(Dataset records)
= Beginning of Section =

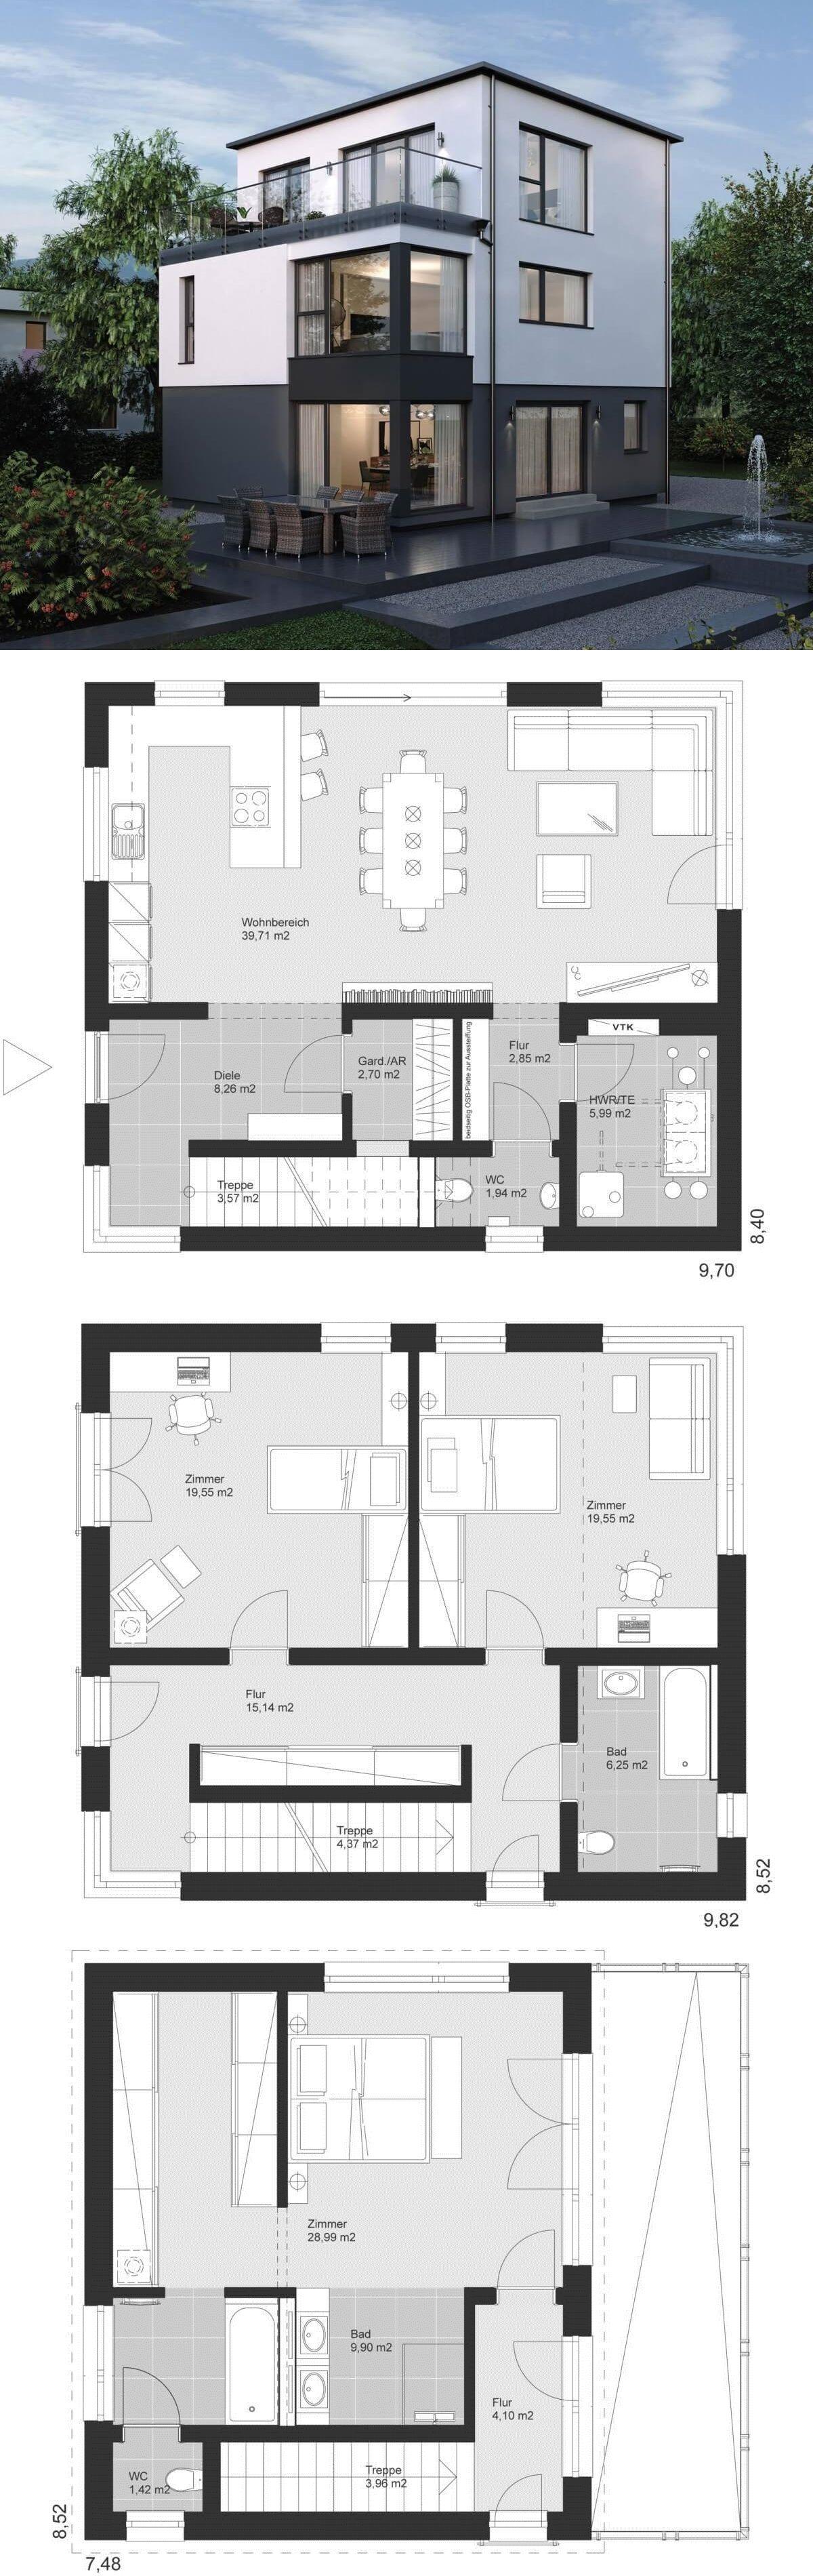 Modernes einfamilienhaus neubau grundriss mit flachdach for Grundriss einfamilienhaus 2 vollgeschosse
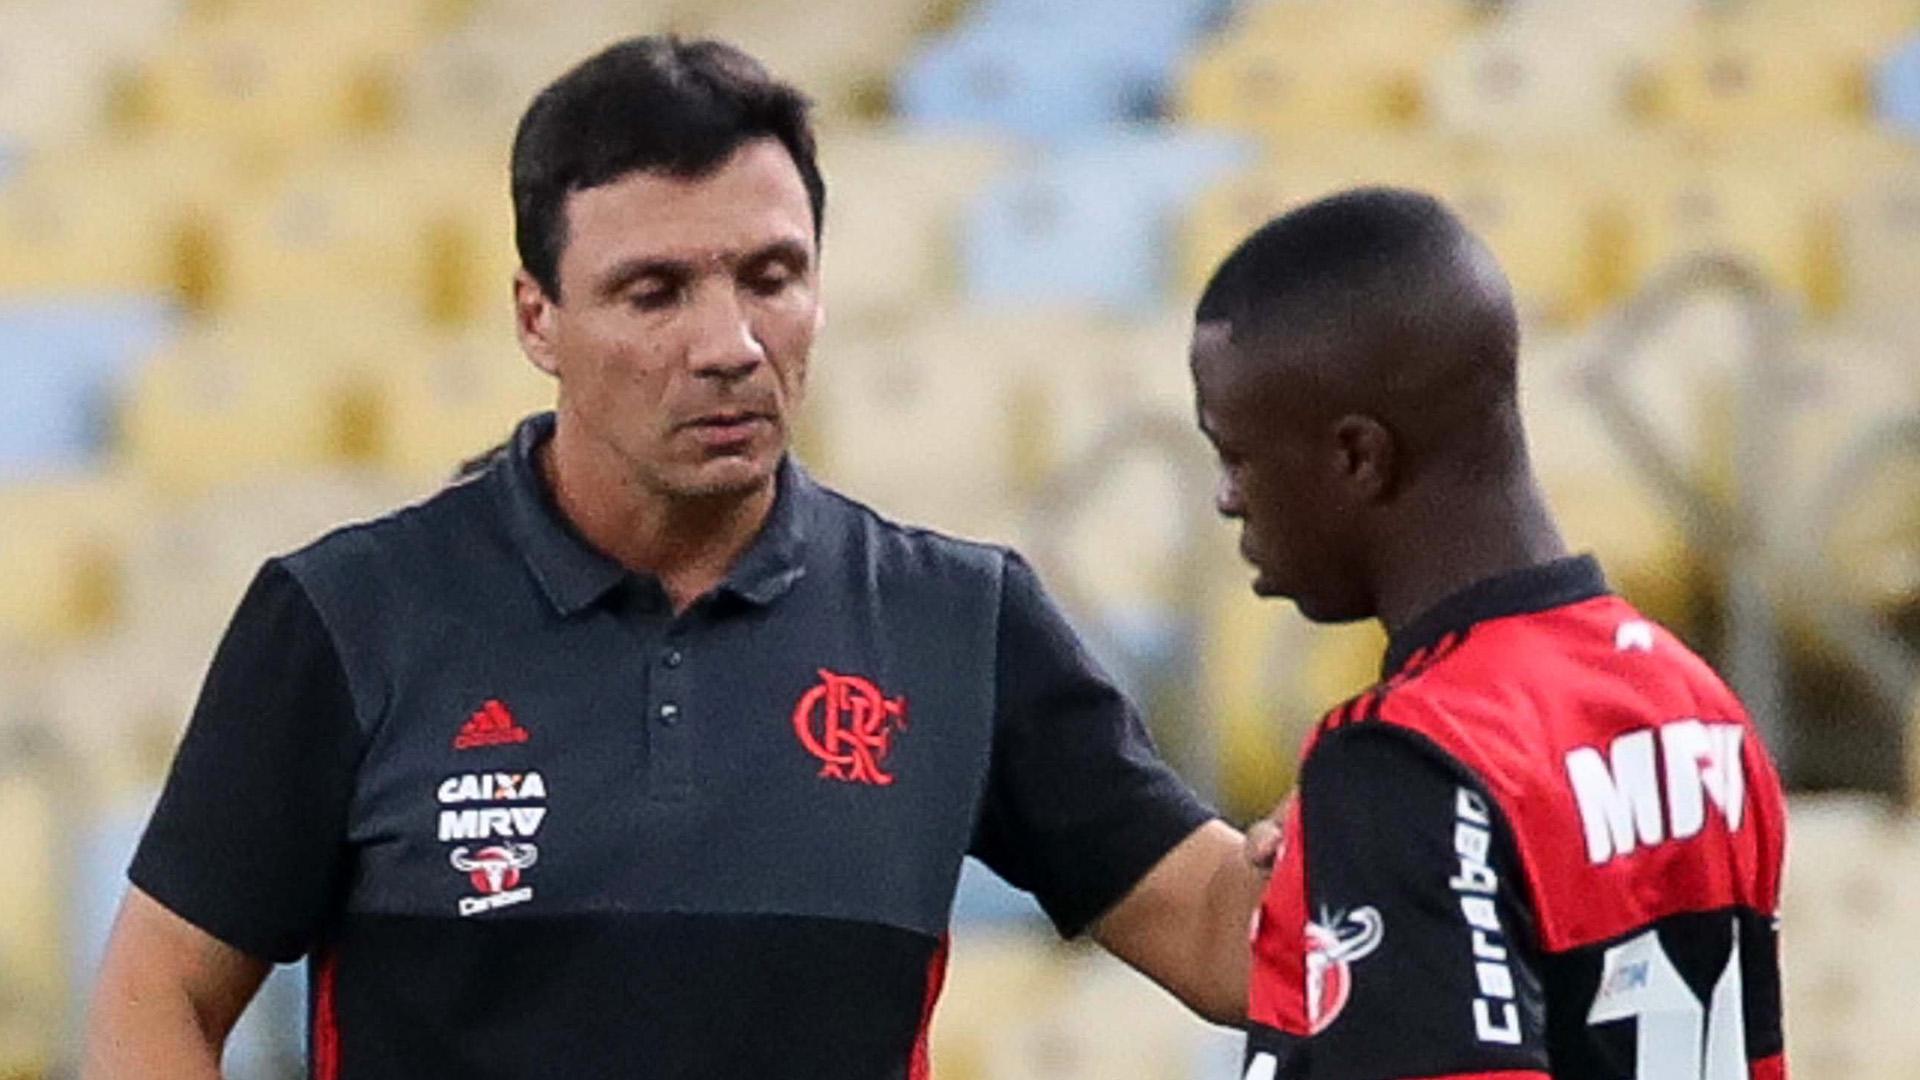 Vinicius Junior Ze Ricardo Flamengo Atletico-MG Brasileirao Serie A 13052017
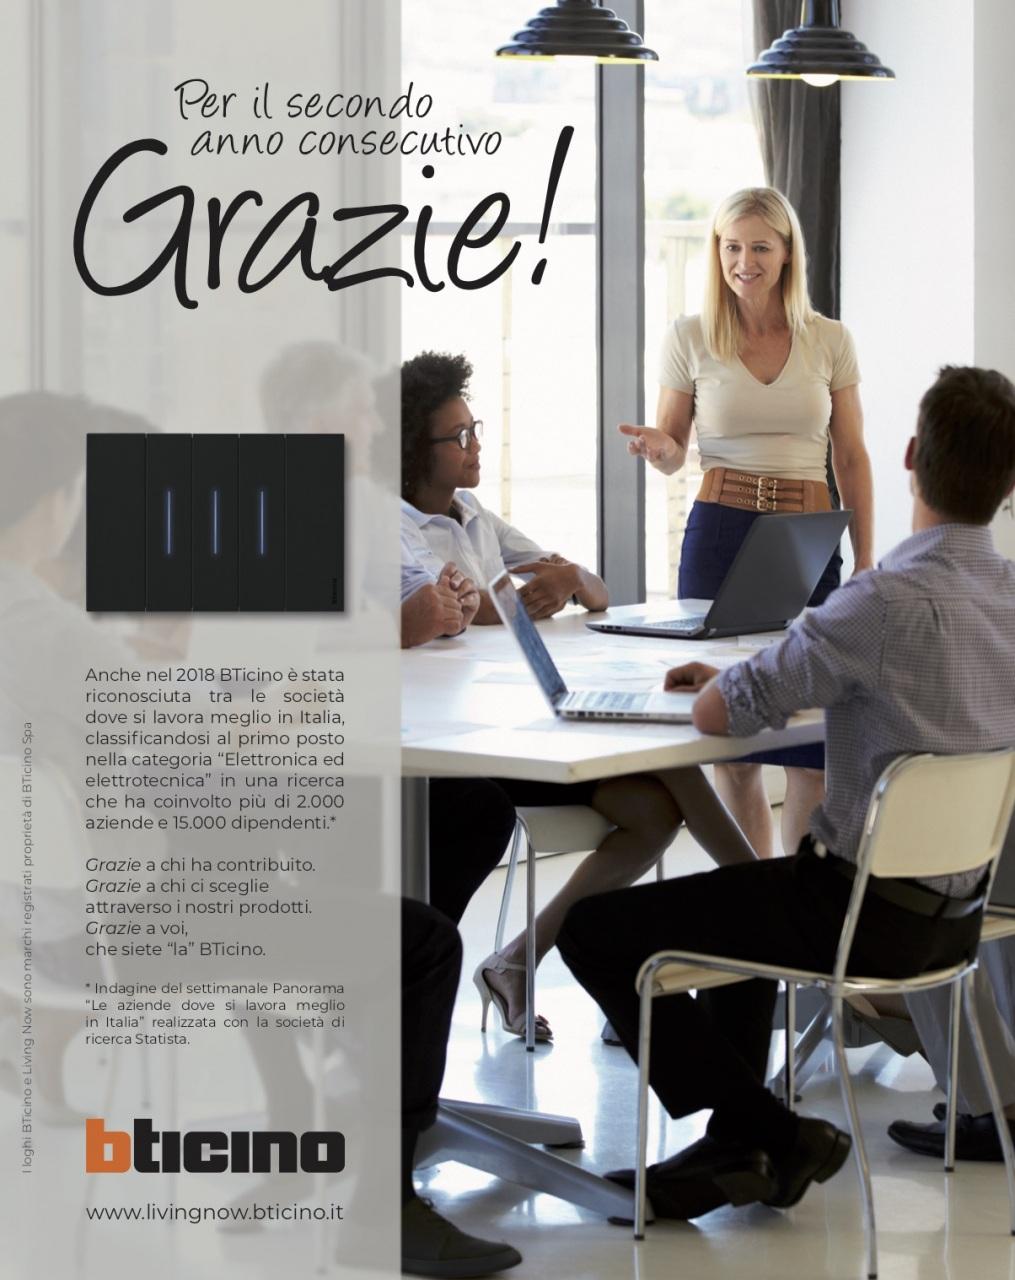 """BTicino prima tra """"Le aziende in cui si lavora meglio in Italia 2018"""" nella categoria elettronica, elettrotecnica e attrezzature mediche"""
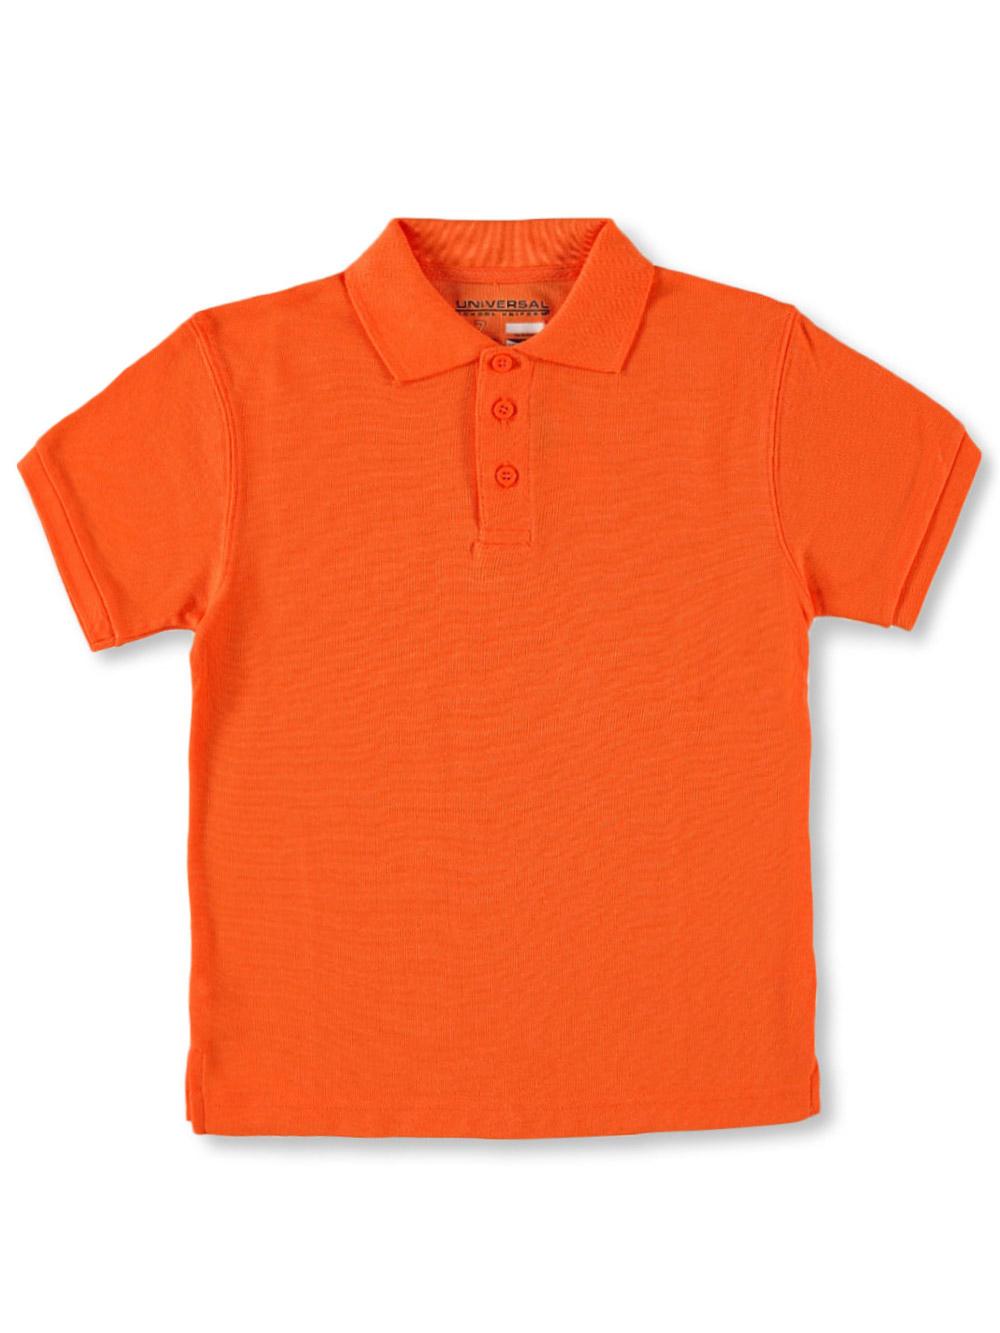 6 orange Universal Unisex S//S Pique Polo
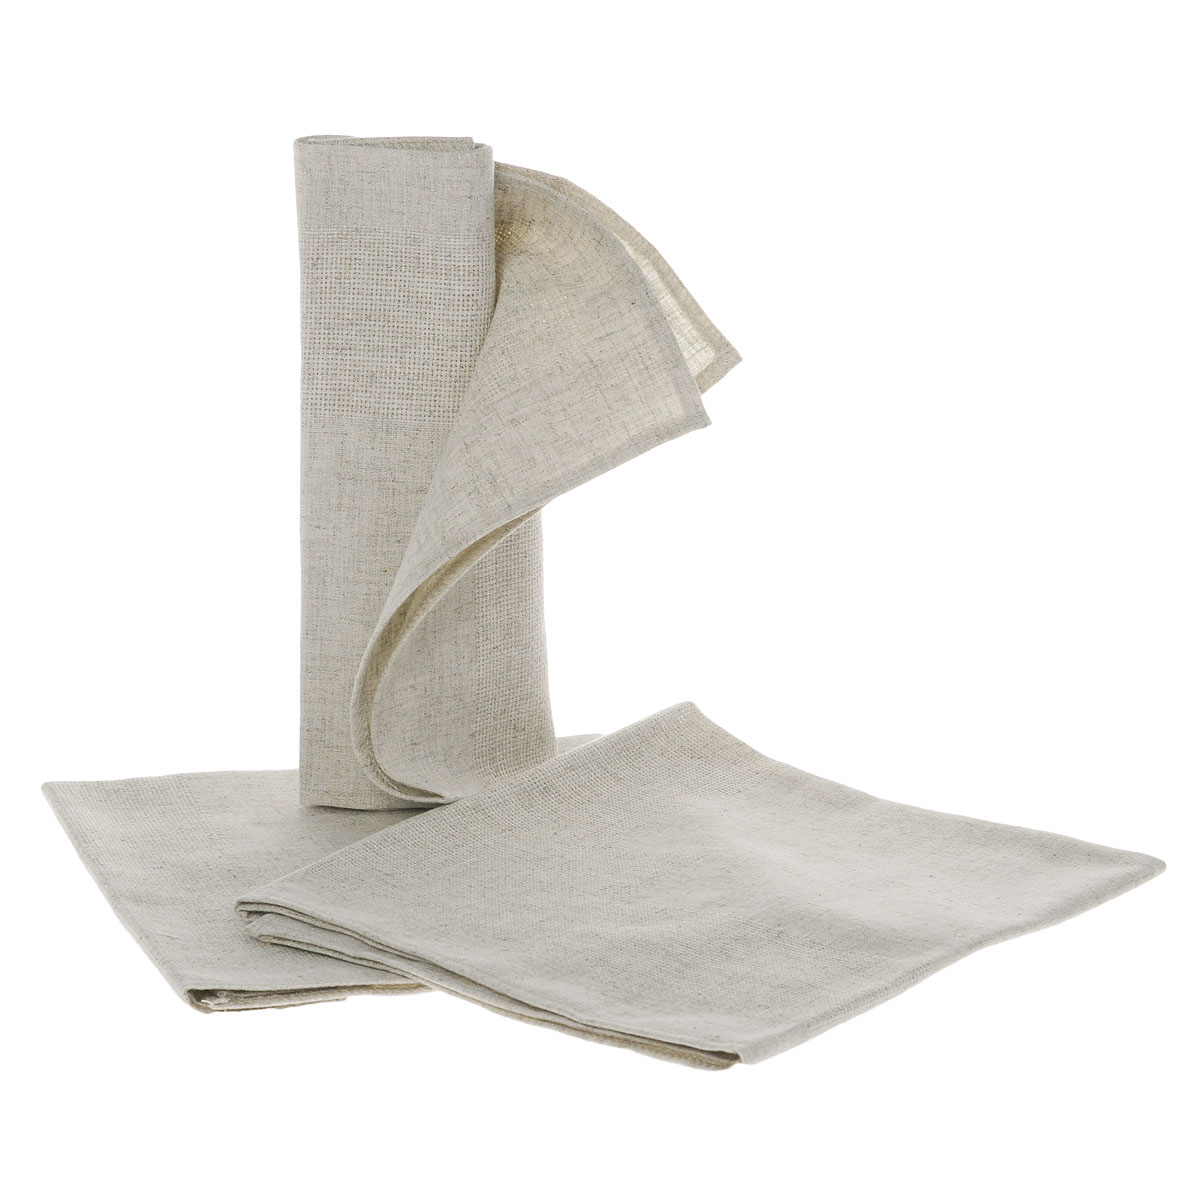 Салфетки Alisena, цвет: бежевый, 46 х 44 см, 3 шт547207Салфетки Alisena выполнены из натурального льна. В наборе - 3 салфетки. Такие салфетки защитят ваш стол от царапин и станут оригинальным дополнением интерьера. Вы можете использовать салфетки для декорирования стола, комода, журнального столика. В любом случае они добавят в ваш дом стиля, изысканности и неповторимости.

= End of Section =

▸ EXERCISE
Copy the records word for word, leaving no picture in the copy.

▸ COMPLETED EXERCISE
 Modernes einfamilienhaus neubau grundriss mit flachdach for Grundriss einfamilienhaus 2 vollgeschosse
 Vinicius Junior Ze Ricardo Flamengo Atletico-MG Brasileirao Serie A 13052017
 """BTicino prima tra """"Le aziende in cui si lavora meglio in Italia 2018"""" nella categoria elettronica, elettrotecnica e attrezzature mediche"""
 6 orange Universal Unisex S//S Pique Polo
 Салфетки Alisena, цвет: бежевый, 46 х 44 см, 3 шт547207Салфетки Alisena выполнены из натурального льна. В наборе - 3 салфетки. Такие салфетки защитят ваш стол от царапин и станут оригинальным дополнением интерьера. Вы можете использовать салфетки для декорирования стола, комода, журнального столика. В любом случае они добавят в ваш дом стиля, изысканности и неповторимости.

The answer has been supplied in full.